Vivian Xia/The Daily Northwestern

Asian American activist, blogger and humanitarian Kevin Wu answers questions from CSA executive board members during a moderated Q&A.

Vivian Xia, Reporter

Asian American blogger, activist and humanitarian Kevin Wu described his ascent to early YouTube stardom, well before big names like James Charles or JoJo Siwa.

Northwestern’s Chinese Students Association hosted Wu on Saturday at Lutkin Hall as their 2019 fall speaker. Wu joined YouTube in 2006 just a year after the site started, rising to fame under the username KevJumba. Since then, he’s garnered over 323 million views.

“My first video was me dancing in my backyard,” Wu said. “It wasn’t until a week later I was like, ‘You know what, I’m going to try this vlogging thing,’ and I posted a video of me — it was called ‘Looks Are Everything’ on YouTube — and it was just me talking to a camera.”

Motivated by comments he received, Wu posted a video a week later called “I Have to Deal with Stereotypes.” Later, a YouTube desk editor from Japan reached out, and Wu ended up getting featured after improving his video.

“So all those people that I was like, ‘Oh my god they’re getting hundreds of comments,’ that became me,” Wu said.

Following his introduction speech, a few members of CSA’s executive board and members of the audience asked Wu questions in a moderated conversation. Then students could take pictures and chat with him in a meet-and-greet after the talk.

During the Q&A, he revealed that at 17 years old, he was the youngest person accepted into the YouTube Partner Program to get paid for his videos.

“Once I started getting paid, I’m like, ‘OK, there’s another layer to this,’” Wu said. “What if they find out I’m like only doing these videos or something because I’m getting paid to do it? Are they going to not be as interested in me anymore?”

So Wu created a second channel known as JumbaFund, where all the money made from the channel would go to a charity of the audience’s choice.
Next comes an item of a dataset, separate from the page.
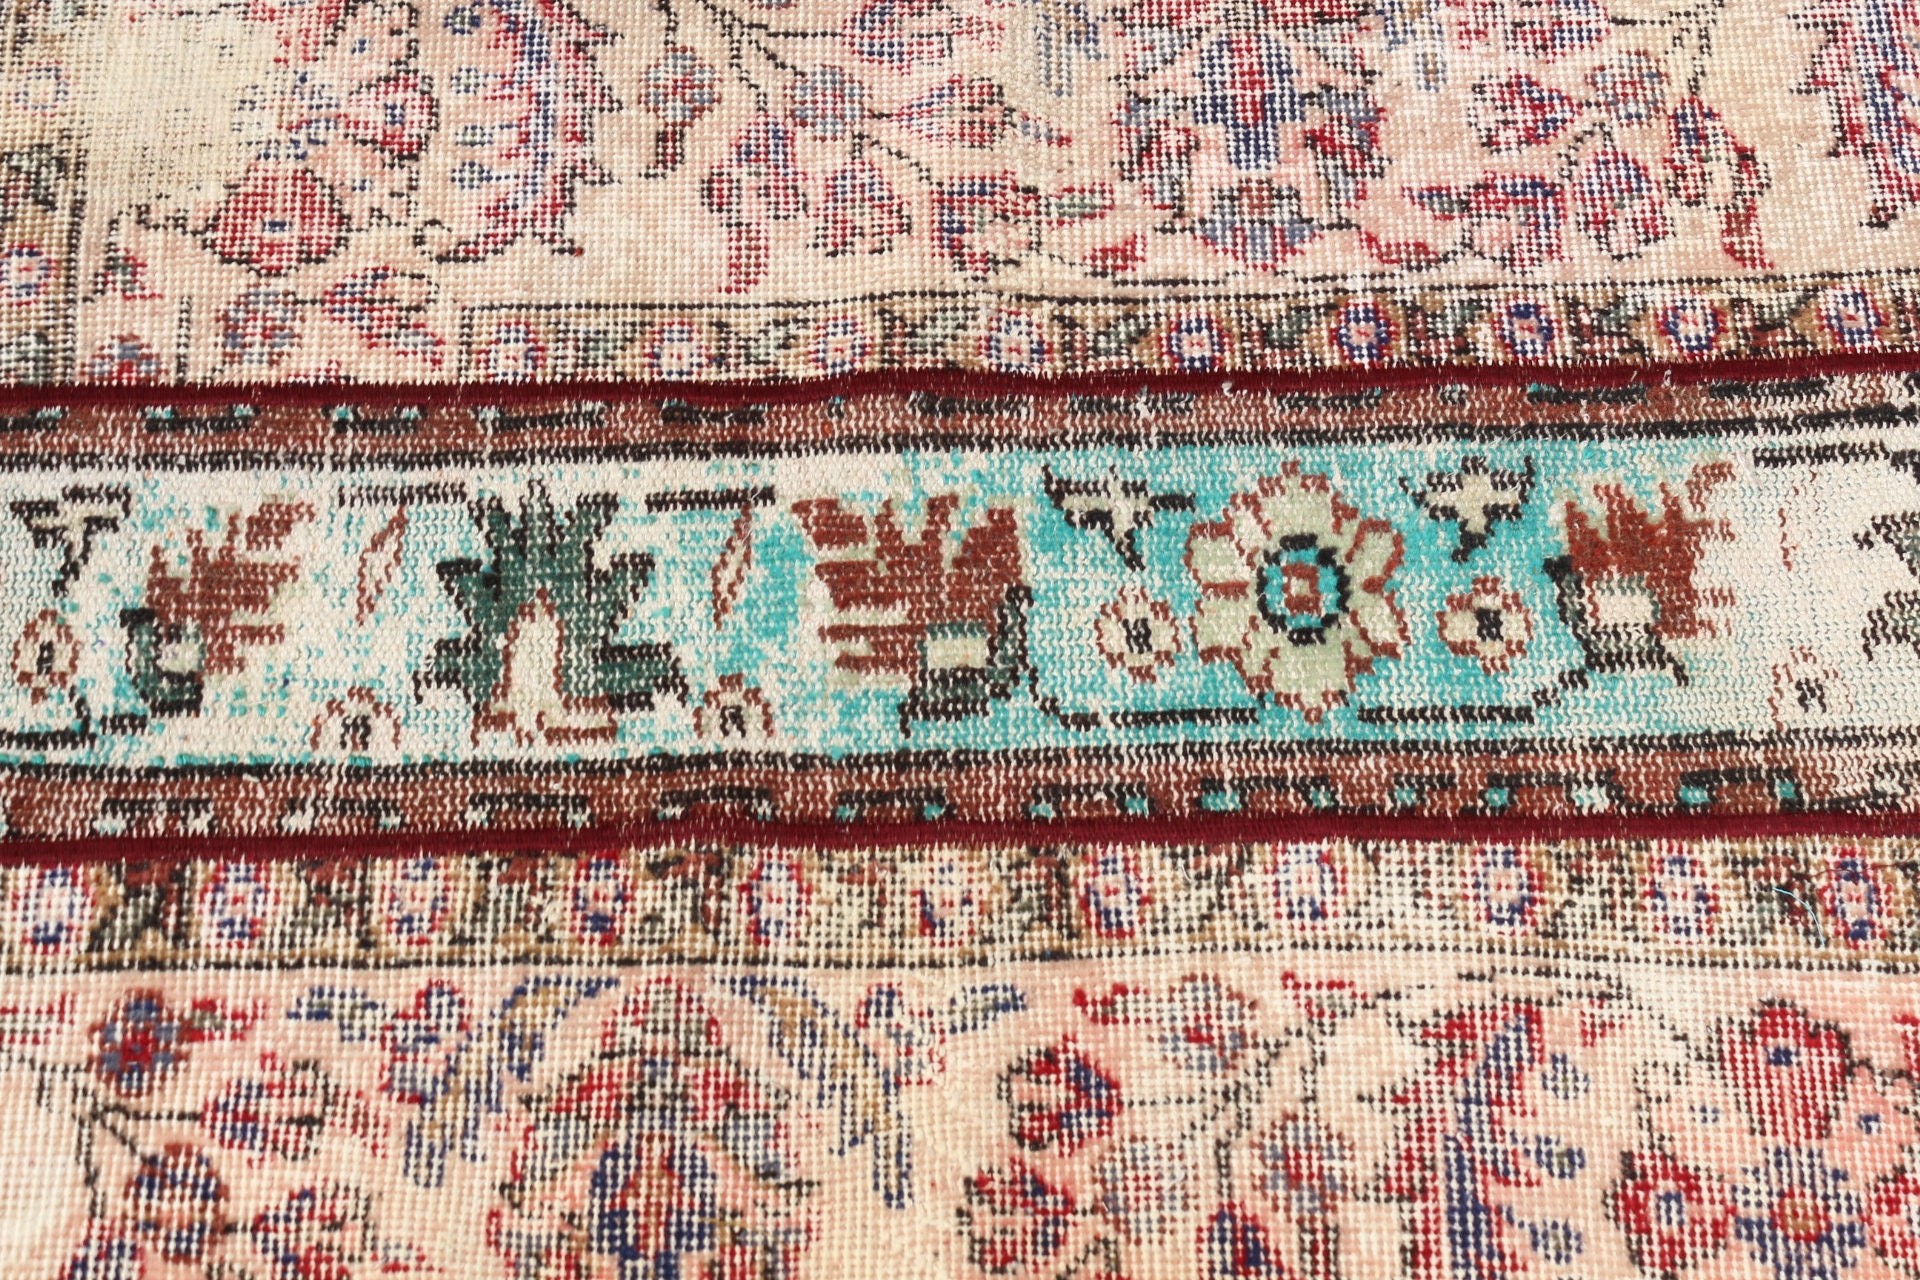 Orange Floor Rug, Nursery Rugs, Turkish Rugs, Kitchen Rug, Vintage Rug, Nomadic Rug, Wall Hanging Rug, Moroccan Rugs, 2.5x3 ft Small Rug

Wu has continued his humanitarian work through communication with his fans.

Medill freshman Elizabeth Yoon said she didn’t know much about KevJumba coming into the event, but she went with some friends who were excited to see him.
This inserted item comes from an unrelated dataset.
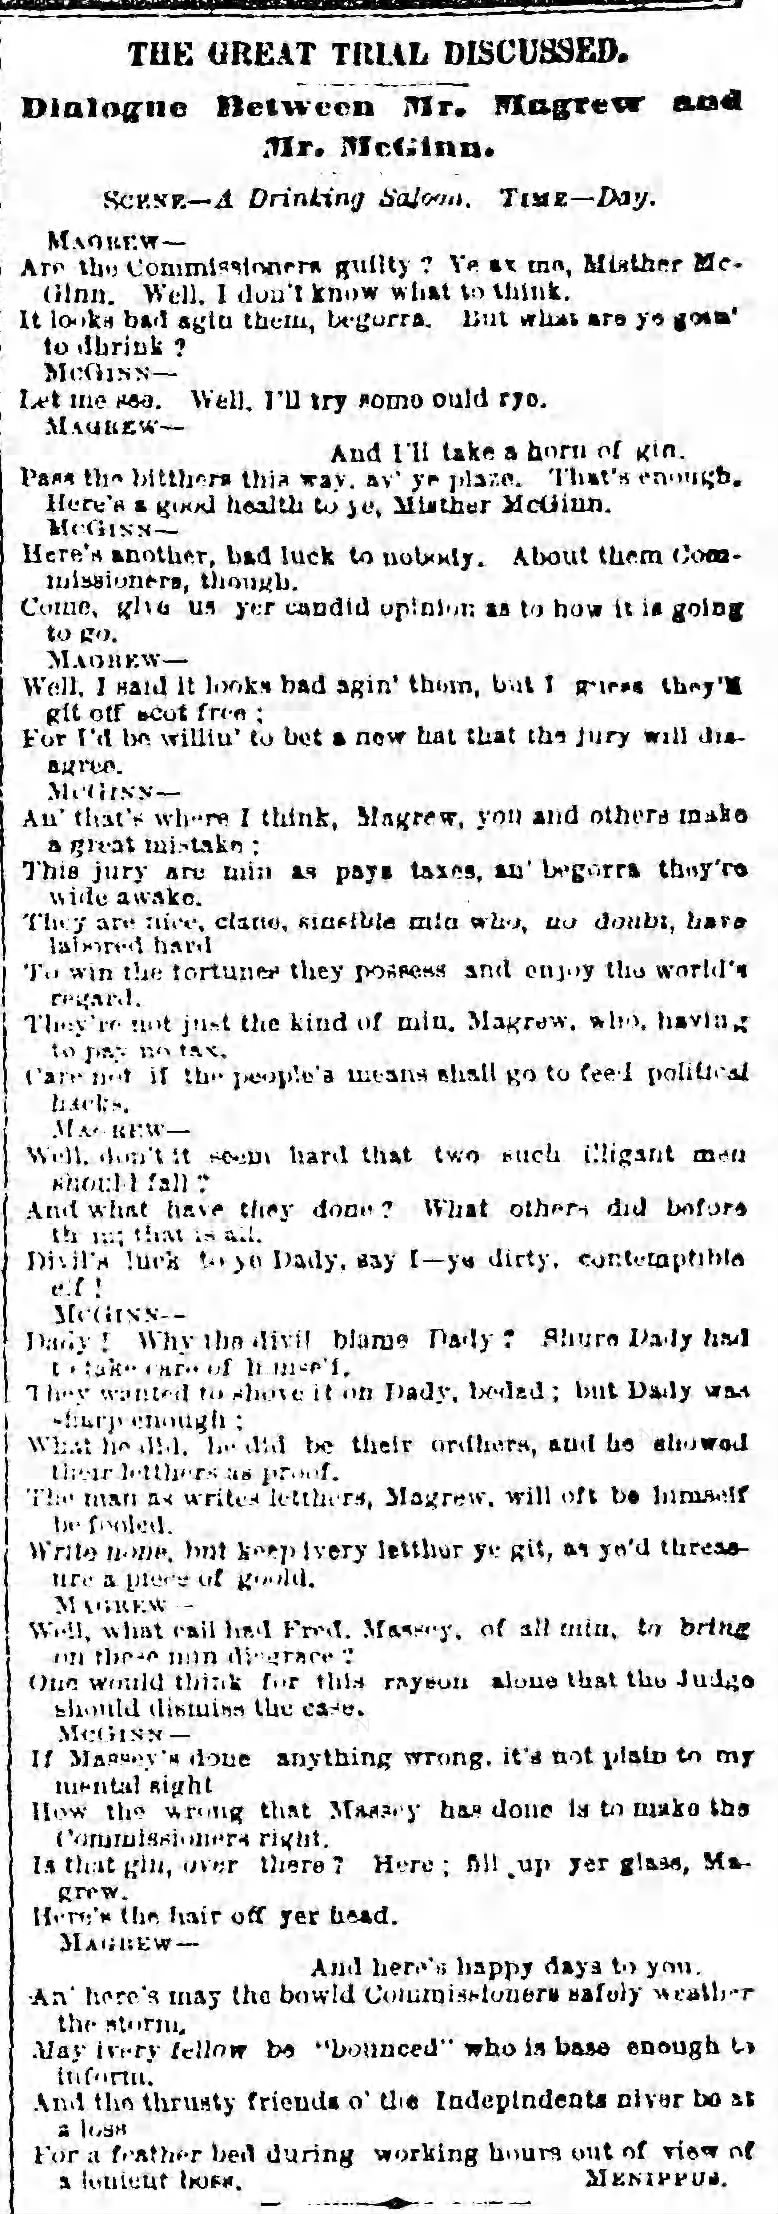 Sunday, April 27, 1879 - Page 1

“After seeing it, I thought it was super interesting,” Yoon said. “I thought he was a cool person, and I definitely want to check out his videos now.”

Other audience members, like Medill sophomore Mary Yang, said they were familiar with KevJumba’s work.

Yang said she watched his videos growing up and was excited to see him “in the flesh.”

“He was one of the only Asian American YouTubers at the time,” Yang said. “And it was really cool that a famous guy was so relatable.”